Edin Bašić (born 4 May 1979 in Zavidovići) is a Bosnian former handball player.

Early career in Bosnia
The right-handed centre back first played for Borac Travnik. With the club he won the domestic championship and cup. In 1998–99 he played his first EHF Champions League season.

Croatia
Soon due to his good performances he caught the eye of Croatian club Zamet Autotrans from Rijeka in 1999. 

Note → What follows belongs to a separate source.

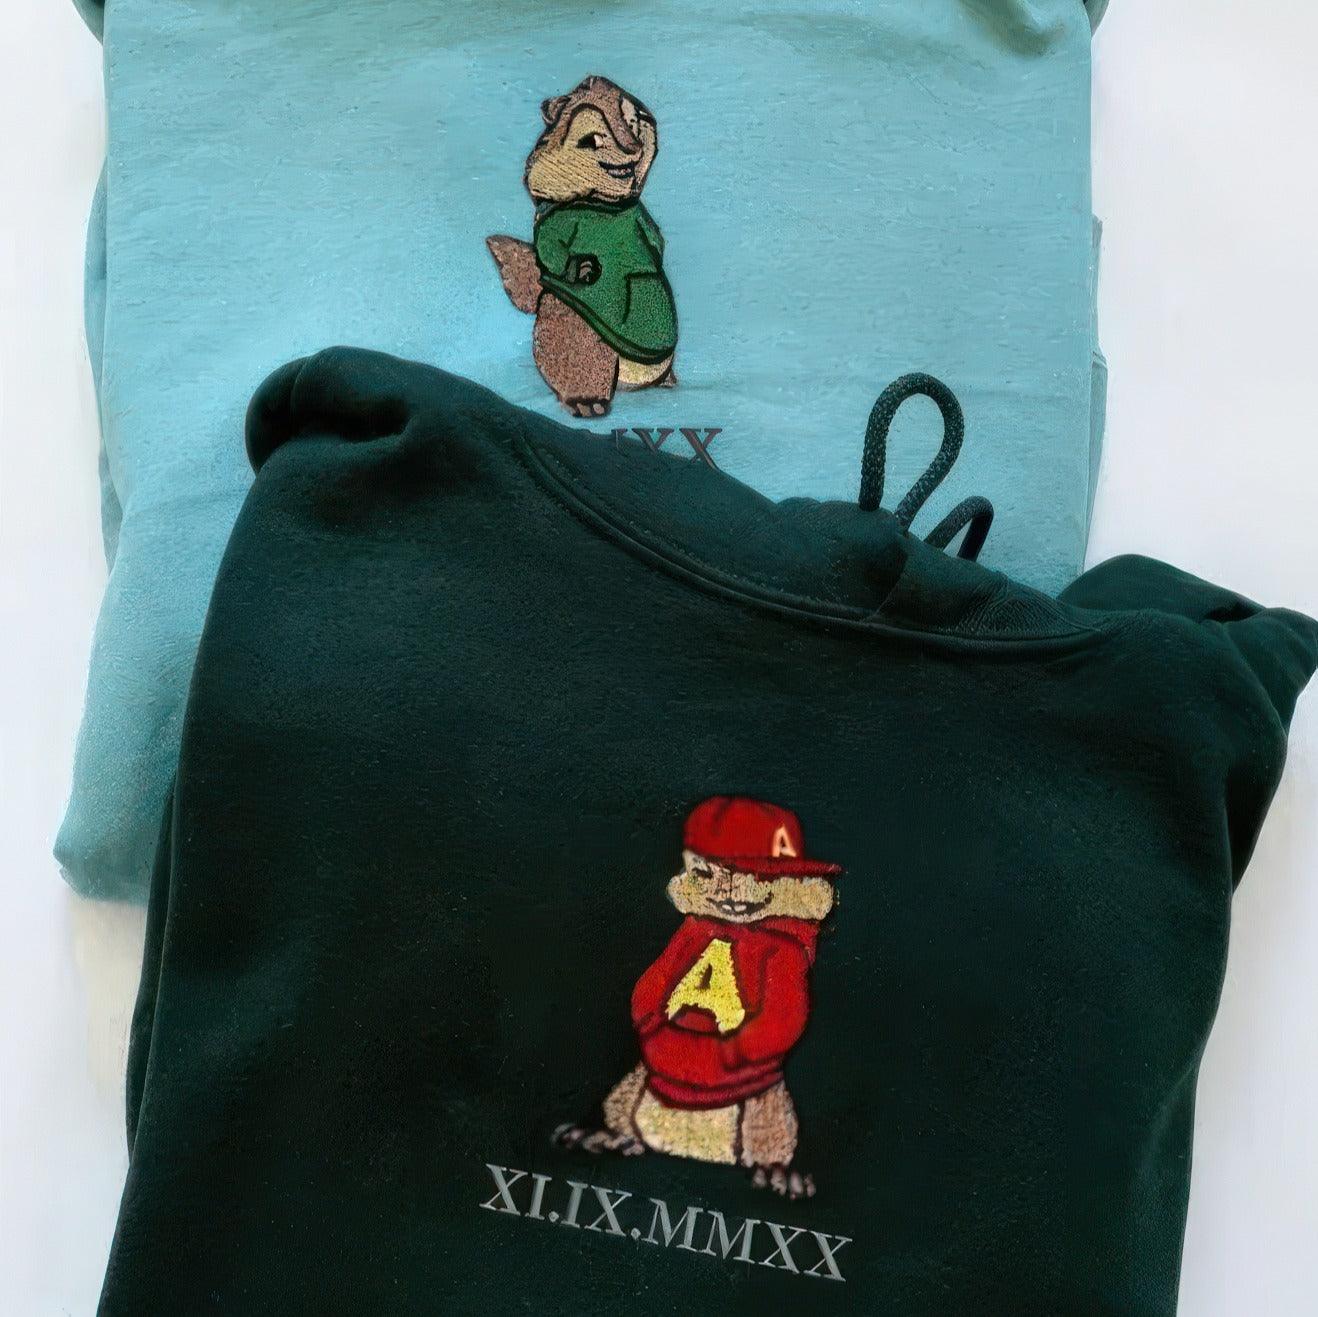 Custom Embroidered Hoodies For Couples, Best Matching Hoodies For Couples, Cute Chipmunks Cartoons Character Embroidery Sweatshirt

Bašić quickly established himself as a vital player for the club.
He was at the club for two years finishing seventh in the league during his first season and fourth during his second season. 
RK Zamet reached the Croatian Handball Cup final twice during the time Bašić played for them. He also played the EHF City Cup and EHF Cup Winners' Cup with Zamet.

Switzerland
In 2001 he moved to TV Endingen in Switzerland. He stayed at the club for two years and he then moved to TV Suhr in 2003. 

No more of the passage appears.